Abstract

PLEIADES is an earth observing system conducted by the French National Space Agency, CNES. It consists of two satellites launched on December 2011 (PHR-1A) and December 2012 (PHR-1B), both designed to provide optical pushbroom imagery on five spectral bands to civilian and defense users, with ground sample distance up to 70 cm. During inflight image quality commissioning, radiometric activities included inter-detector normalization coefficients computation, refocusing operations, MTF assessment and estimation of signal to noise ratios. This paper presents inflight results for both satellites. It focuses on several innovative methods that were implemented, taking advantage of the satellite platform great agility. These methods are based on processing images obtained through dedicated exotic guidance. In particular, slow-motion steering enables an efficient estimation of the instrumental noise model, since during acquisition each detector has been viewing a stable ground target along different time samples. Conversely, rotated retina guidance is used to guarantee that all different elementary detectors have successively viewed the same set of landscape samples during acquisition.
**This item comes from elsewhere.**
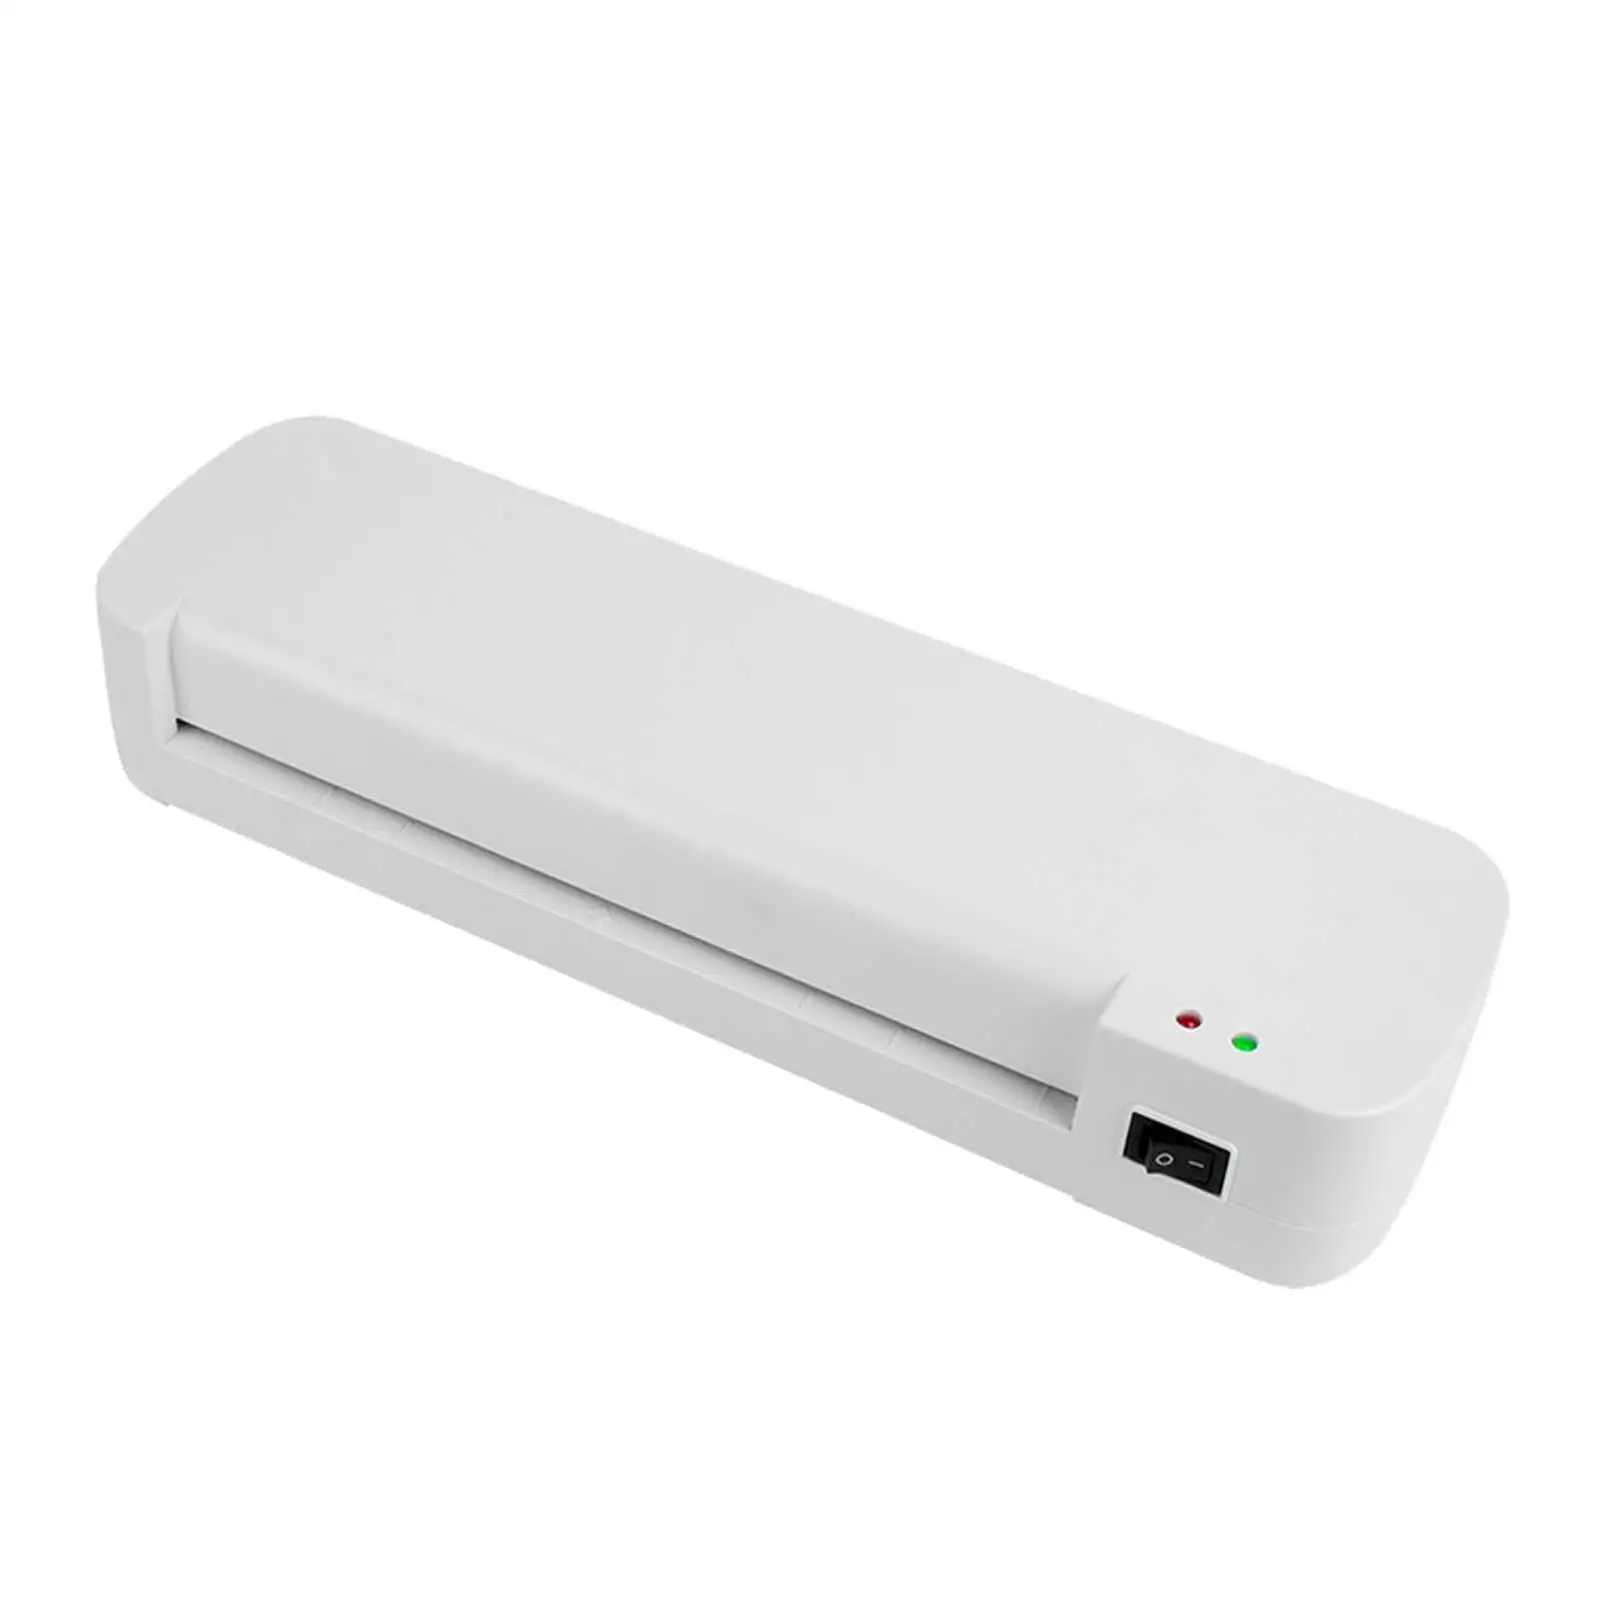 A4 Laminator Portable 3-5 Minutes Warm up Lamination Machine Personal Laminator for Household Home School Sealing Photo Office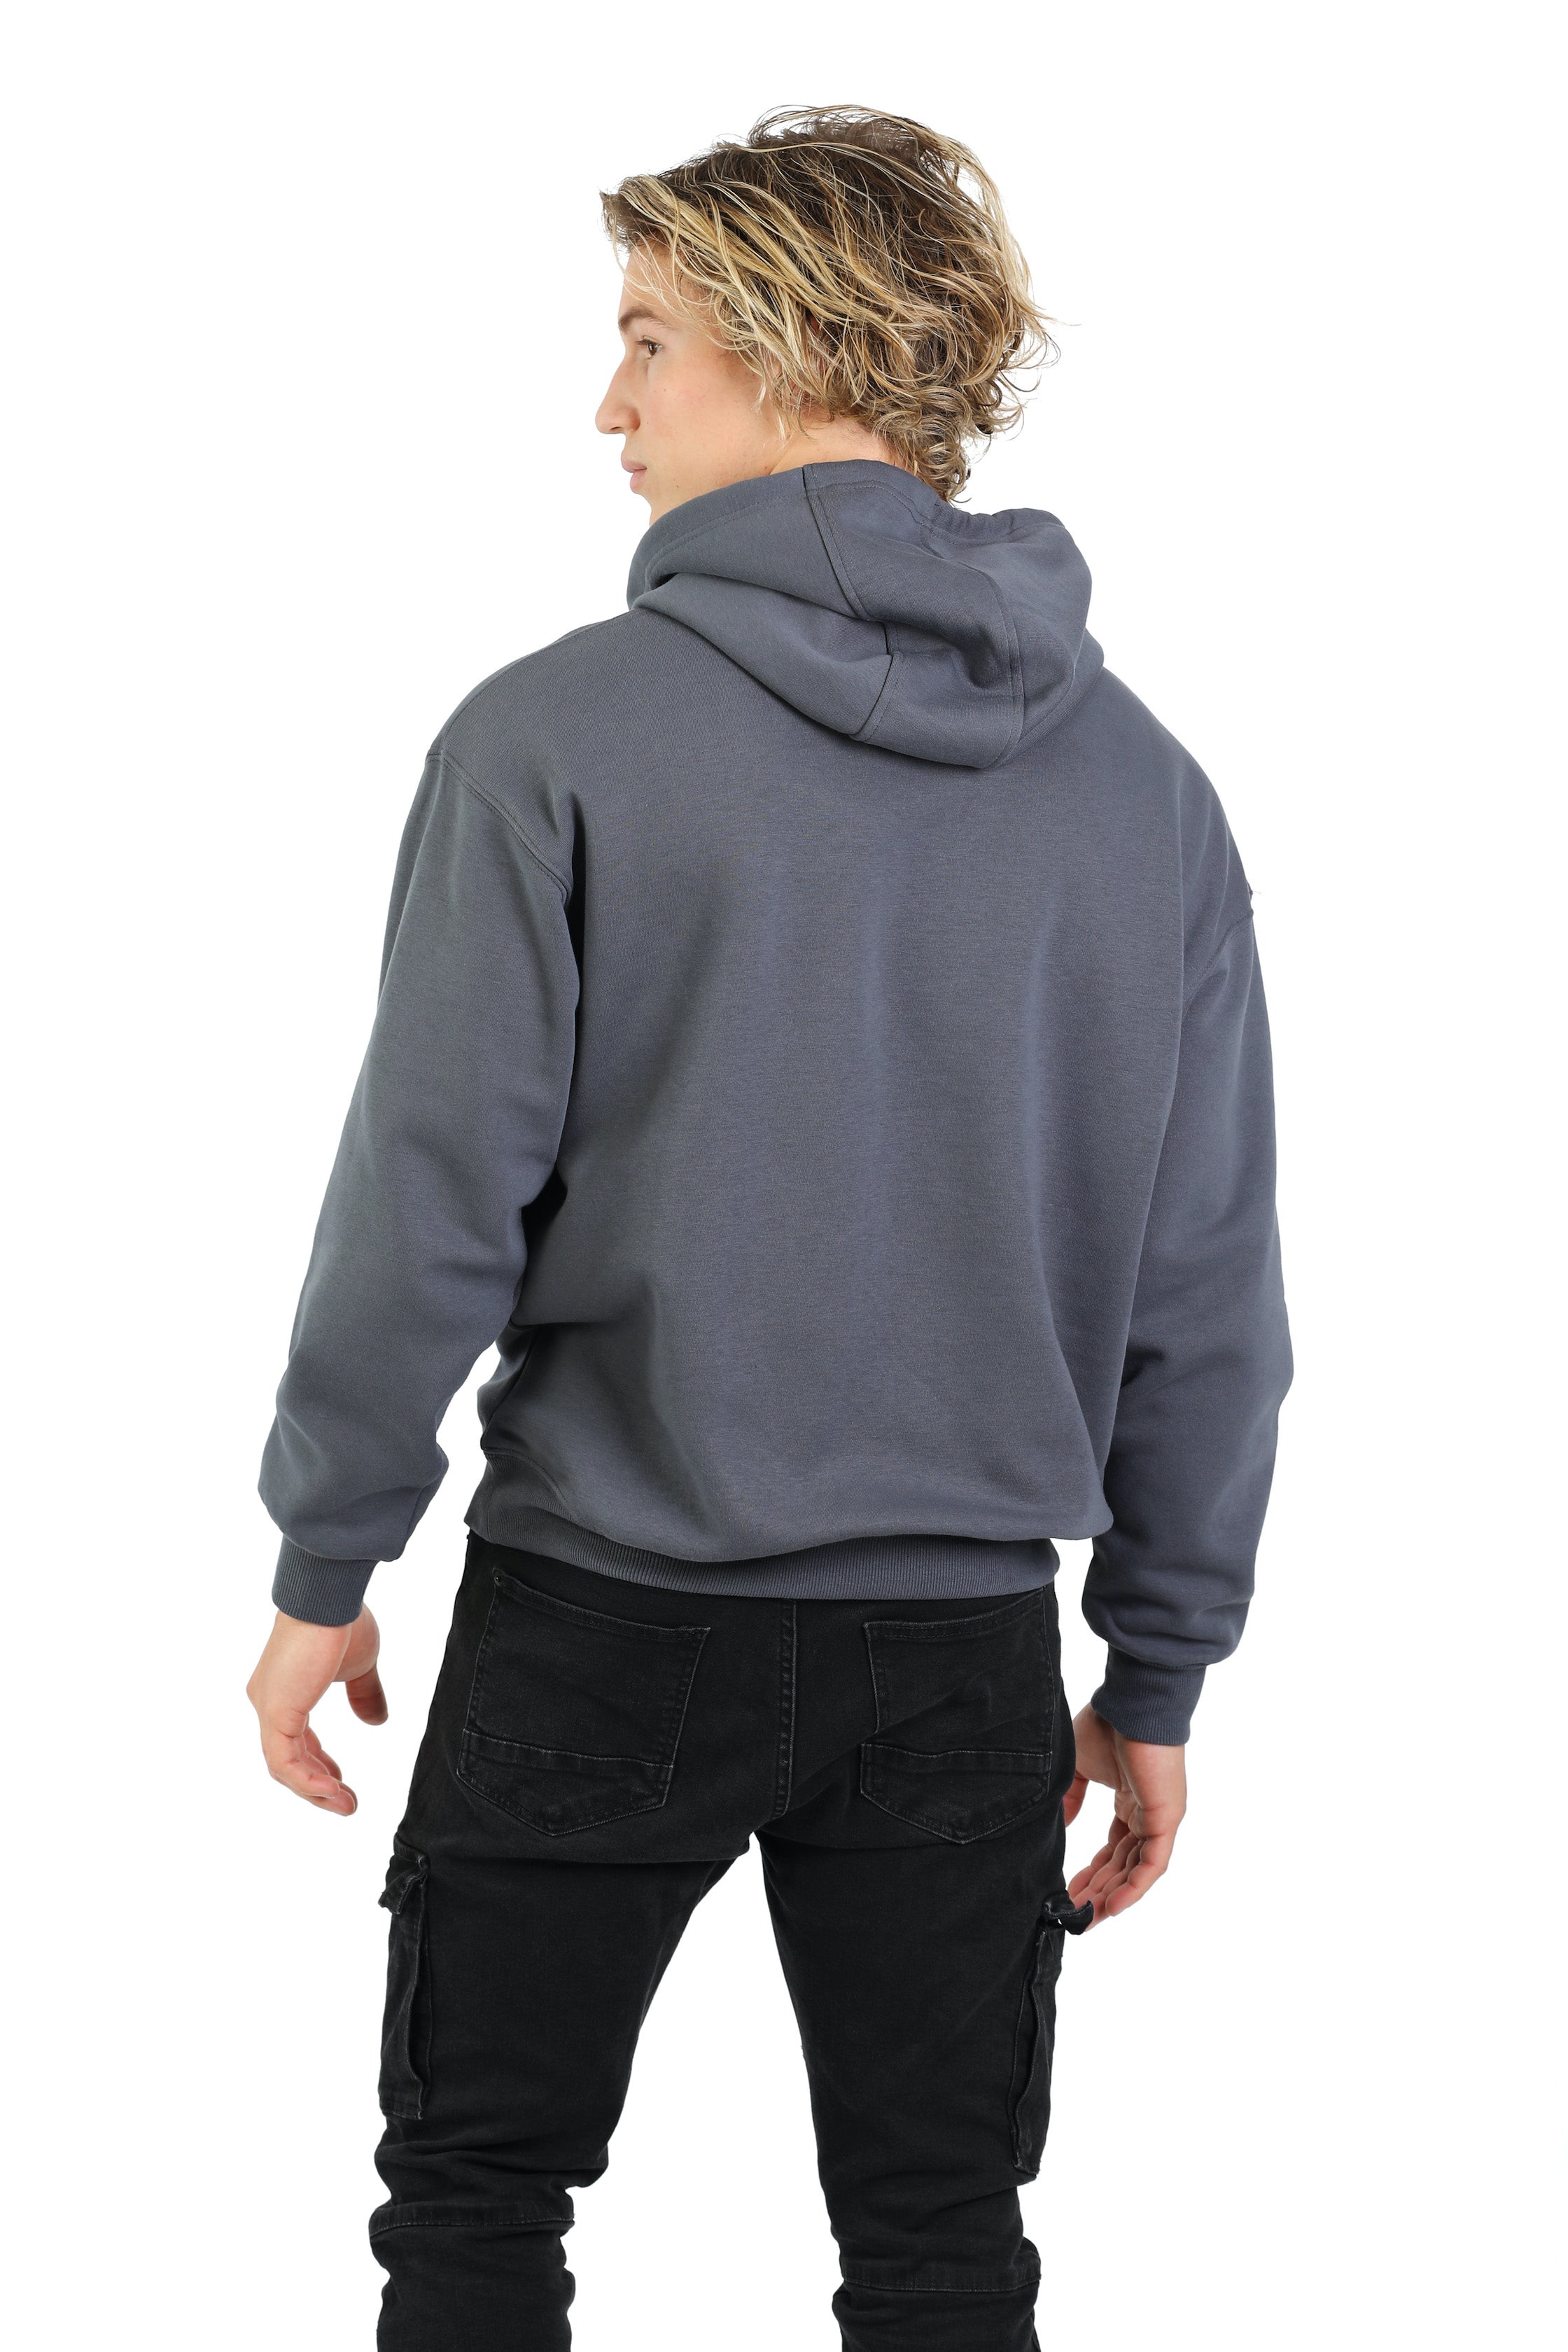 Cheeky relaxed hoodie in navy wash

Non-uniformity of detector sensitivities can then be characterized, and on-board coefficients used prior to compression can be calibrated in order to prevent vertical striping effects on operational images. Defocus control and Point Spread Function estimation can be easily obtained through processing acquisitions of stars associated to various spectral characteristics, for different adjustments of the refocusing system. All these methods allow an accurate estimation of radiometric performance on the whole range of specified spectral radiances, while drastically reducing the number of required acquisitions on natural targets.